嫌な予感。
目に見えたそれを見てしまって、そしてその嫌な予感を取っ払おうと思って行動に移そうとしても、仕事が絡むと中々そうはいかなかった。スケジュールに休みが見当たらないのが原因ではあるし、1個でも何処かに穴を空けてしまうと色んな作業が遅れてしまうので、できればオフの日を狙いたい。そんな思いから結局は仕事に出向いてしまうのだ。この間は飛雄君が泊まりにきたので、彼を優先した。そんなのは私の中では当然のこと。次の日からは通常通り朝早くから出て、夜遅くに帰ってくる。その毎日の繰り返しだ。

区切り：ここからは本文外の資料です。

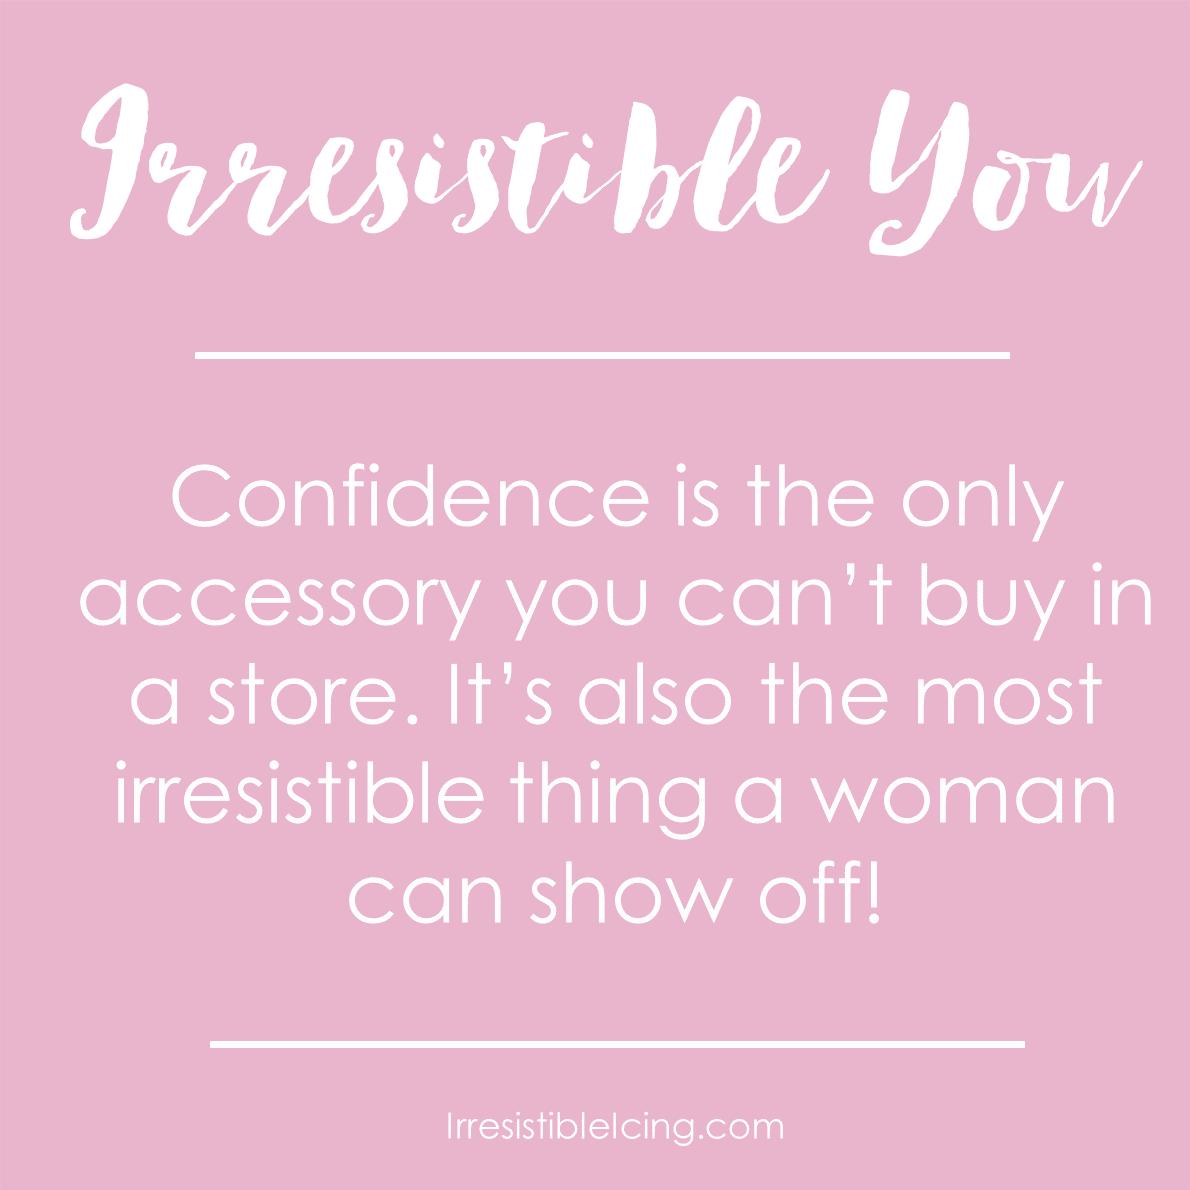 Irresistible You Tip 1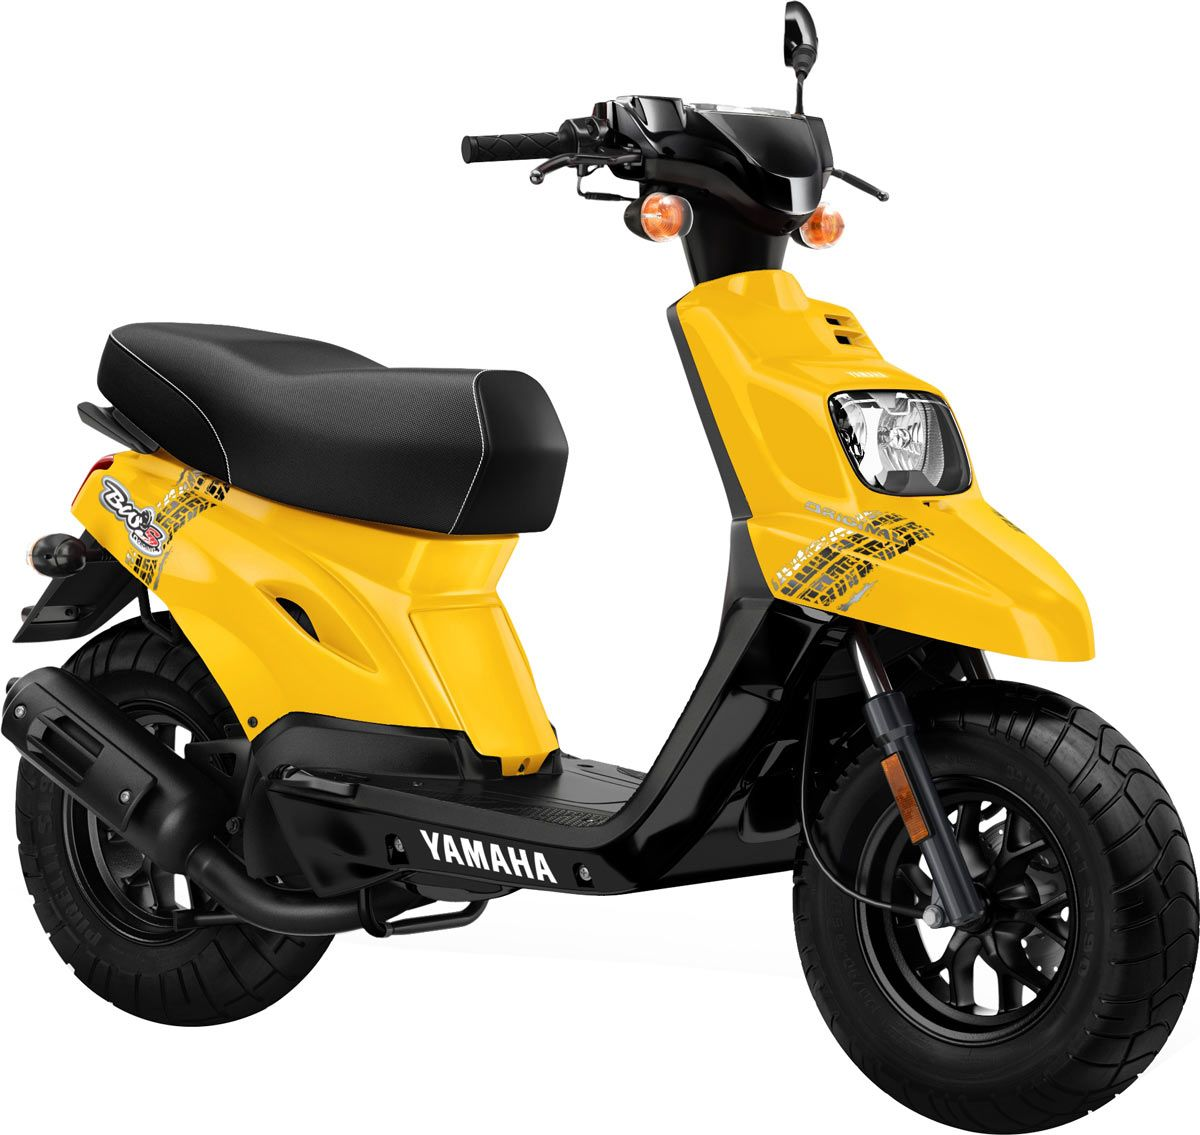 Yamaha présentation des Bw's et Aerox 2016 Motor

「‥なまえちゃん最近マスク変えたな。良いやつじゃん」
「あ、ハイ。耳痛いの嫌だし、これ息苦しくないんですよ」
「知ってる知ってる」
「なんだ、知ってるんですか」

侑と治から、少し遅れて事務所に到着するという内容のメールをもらって、ギターの弦を張り替えながら永田さんと喋っていたら、ぼそぼそと小さな声が聞こえてきた。いつもと違う低くて唸るようなそれはなんだか私を不安にさせるような音で、少し気になってしまう。びいんと弾いた弦の音とチューナーの音を合わせ終わると、そういえば永田さんと付き合いの長い女の人がこの間言ってたことをふと、思い出した。

「‥永田君、ホントにちゃんと吹っ切れたんだったら、いいけど」

あれ、なんの話しだったんだろう。昔何かあったんだろうか。彼女の話ぶりからして、あまり聞いてはいけないような内容な気がするから、どうにも聞きにくい。だけど、中途半端に話の端に触ってしまえば体の内側がもやもやっとするのも事実である。

「結構前にマネジメントしてたシンガーソングライターが今なまえちゃんが使ってるのと同じマスクずっとしてたんだよ」
「え、そうなんですか?永田さん、私達の前にもアーティストのマネージャーやってたんですね」
「実は閃光で4つ目なんだよな。まあ、‥お前らのバンド受け持つ間までがかなり空いてんだけど」
「永田さんってマネージャーのイメージじゃないですもんね」
「なんだよそりゃ。俺はそれをどういう意味で捉えりゃいーんだ?」

どっちかっていうと、もっと上の立ち位置にいるイメージなんで。そう言ったら、そんなに稼いでねーわって頭をぽこんと叩かれてしまった。申し訳ないけど、絶対そんなことない。だけど、今はとりあえず口を噤んでおいた。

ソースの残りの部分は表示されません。